Прозвучало вопросительно, но так, будто ответ заранее был всем известен, а потому не требовал лишних слов.
— Я не смогу вразумить кузена. И его матушка тоже.
— Мать никогда не причинит своему ребёнку вреда, предпочитая переживать всю боль в себе, — сказала Шеррит с такой спокойной уверенностью, будто дома её ждал целый выводок детей.
— Знаю. Это-то и страшно.
— Мой отец для вразумления не годится.
— Пожалуй... Ты уже сказала ему?
Она усмехнулась.
— Он всё понял сам, едва только увидел меня.
— И?
— Хочешь знать, как велик запас его проклятий? — лукаво поинтересовалась Шеррит.
— Разозлился?
— Мм... Его успокоило то, что всё было сделано по правилам. Ты ведь нарочно хотел всё так устроить? Знал, что это будет важным для всех?
— Наверное, догадывался. Но по крайней мере Скелрон больше не жаждет моей смерти?
Моя супруга звонко расхохоталась:
— Он сейчас ходит, задрав нос перед всеми соседями! Потому что наконец-то понял, что родство с Разрушителем — это великая честь.
— Честь ли породниться с Домом, славящимся безумствами своих обитателей?
Она уткнулась носом мне в щёку:
— А ты тоже безумный? Безумный-безумный-безумный?
— И ещё какой!
Но Вуалью пренебрегать не стану, насколько бы сильно ни сходил с ума от горьковатого аромата твоей кожи.

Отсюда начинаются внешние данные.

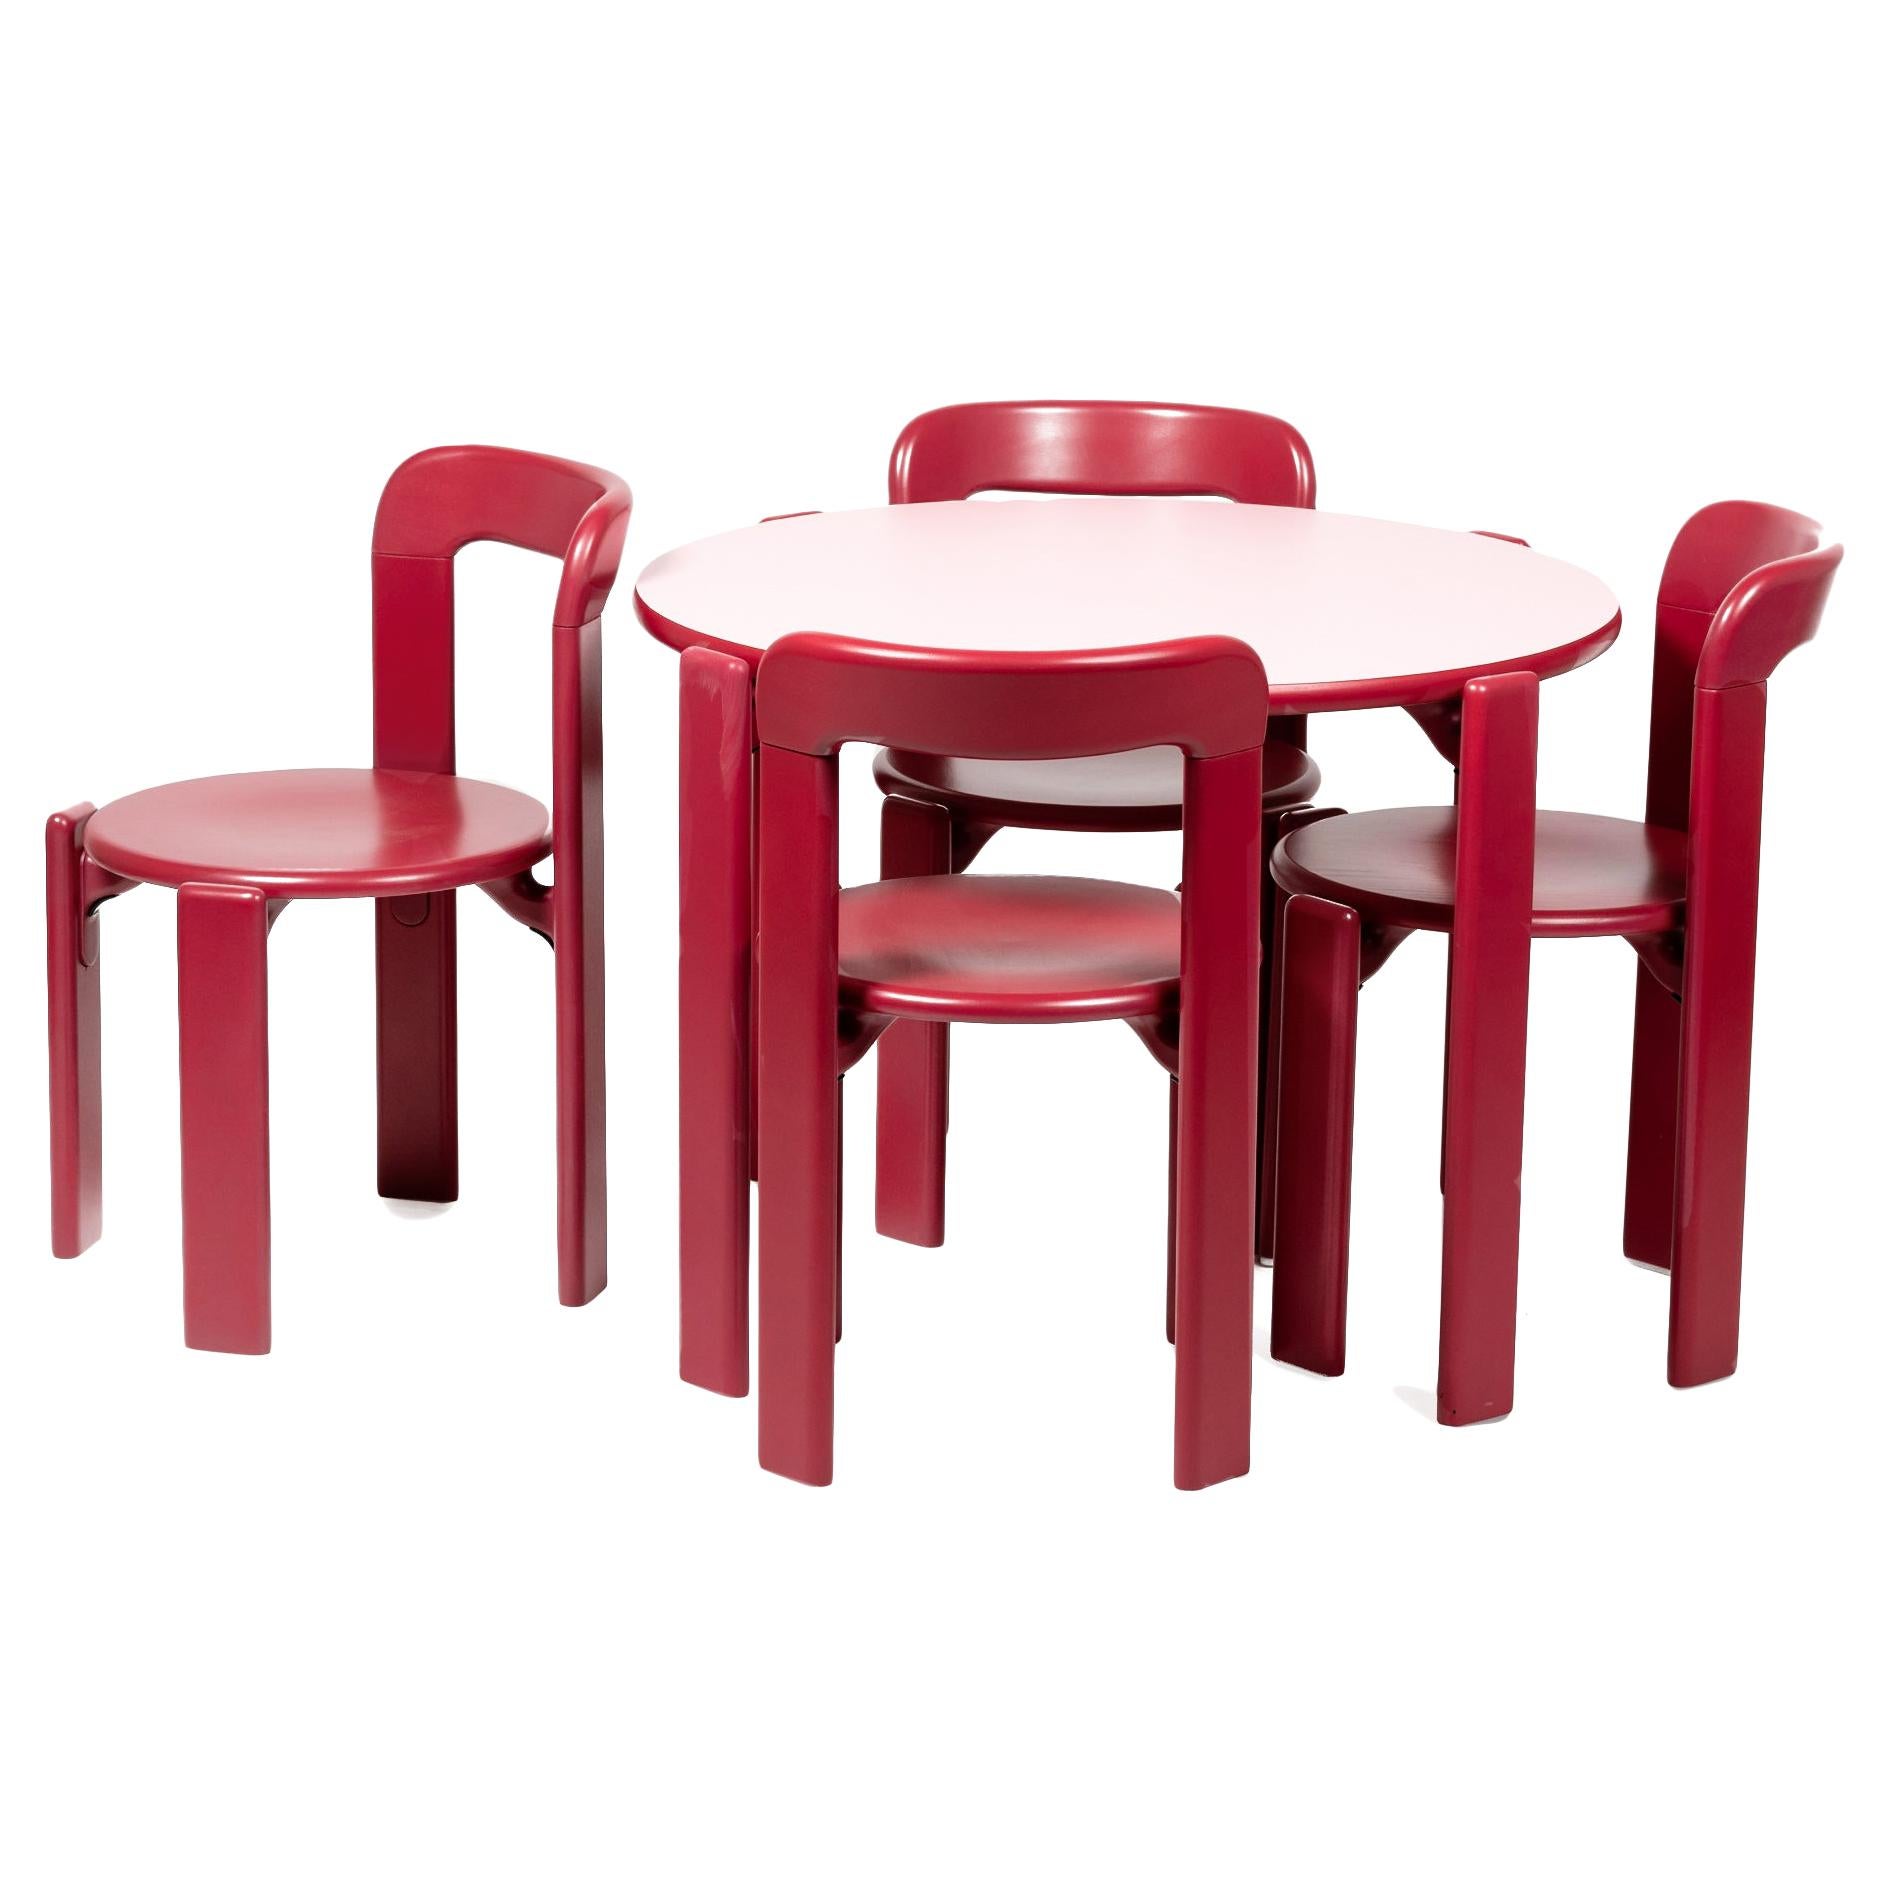 Ensemble Dietiker Rey Junior, table et chaises pour enfants en rose, conçu par Bruno Rey

— Так странно... — Она повернула голову, словно желая оглянуться. — Кажется, что мир раскололся надвое. Здесь так спокойно и мирно, а за стенами, стоит только сделать шаг, попадаешь в туго натянутую паутину тревоги и не можешь из неё выбраться... Неужели война всё-таки будет?
— Ты не застала прошлую?
Шеррит коротко повела подбородком из стороны в сторону:
— Я родилась одной из последних в Третью Волну. Тогда всё уже было кончено, оставались лишь раны, требовавшие лечения. Но я пoмню моего отца в те дни... Его рана так и не зажила, а я вижу, сколько бед она причиняет по сей день. И ты видишь. Я буду воевать, если придётся, но видят боги, я этого не хочу!
Я обнял худенькие плечи.
— Не будешь. Я не позволю. Меня хватит на войну со всеми, кто пожелает.
— Но тогда ты...
— Не погибну.
— Мама рассказывала, что тот, прошлый Разрушитель не смог жить, когда всё закончилось.

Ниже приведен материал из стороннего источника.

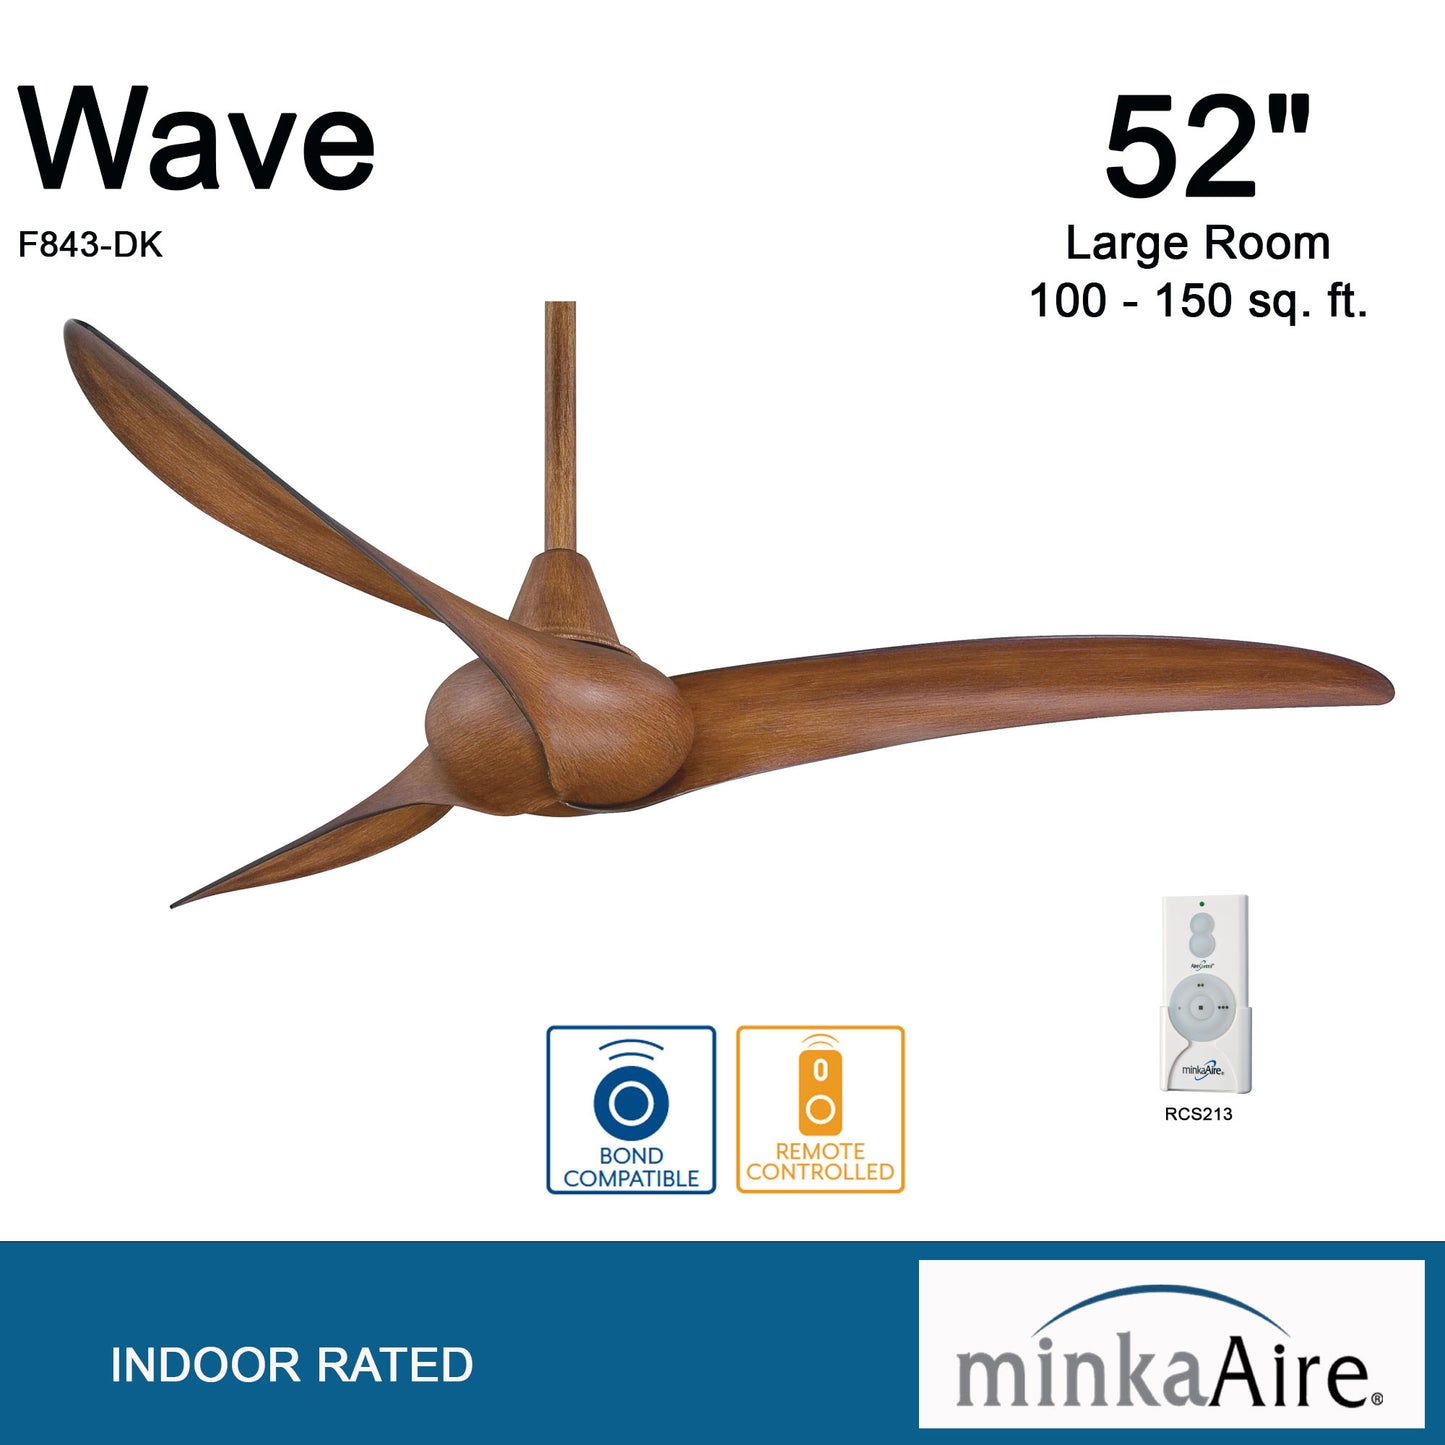 Minka Aire Wave シーリングファン【F843-DK】

И ты боишься, что я, убив пару десятков неприятелей, измучаюсь угрызениями совести и тоже решу уйти поскорее? Тот «я» пожертвовал жизнью ради другого существа, уже неживого, но пока что не мёртвого, а это совсем другое дело! Хотя...

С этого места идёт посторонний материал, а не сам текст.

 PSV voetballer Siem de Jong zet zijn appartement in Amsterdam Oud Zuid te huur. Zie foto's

Он не согласился бы умереть, если бы не хотел. Если бы продолжал цепляться за жизнь. Если бы не считал свой дар слишком опасным.
— Ты не повторишь его путь?
В серых глазах нет упрёка и никогда не будет, но, Пресветлая Владычица, сколько же в них мольбы! Шеррит разрешит мне всё что угодно. Она простит меня, что бы я ни сделал. Но отказать ей в её просьбе...
— Не повторю.
— Обещаешь?
— Обещаю.
Она прижимается ко мне, еле ощутимо и в то же время тесно-тесно, изгоняя последние остатки воздуха из соприкоснувшихся складок нашей одежды.
— Но ты будешь воевать.
Утверждение, с которым невозможно спорить.
— Буду. А тебя не пущу, так и знай.
— Но... Что я тогда буду делать одна?
Всё, чем пожелаешь заняться! Вот только почему вдруг «одна»?
— У тебя не останется свободного времени.
— Не останется? Почему?
Серая сталь глаз ещё не понимает, а изгибы тела, становящиеся всё плавнее и податливее, уже давно обо всём догадываются.
— Ты будешь заниматься моим подарком.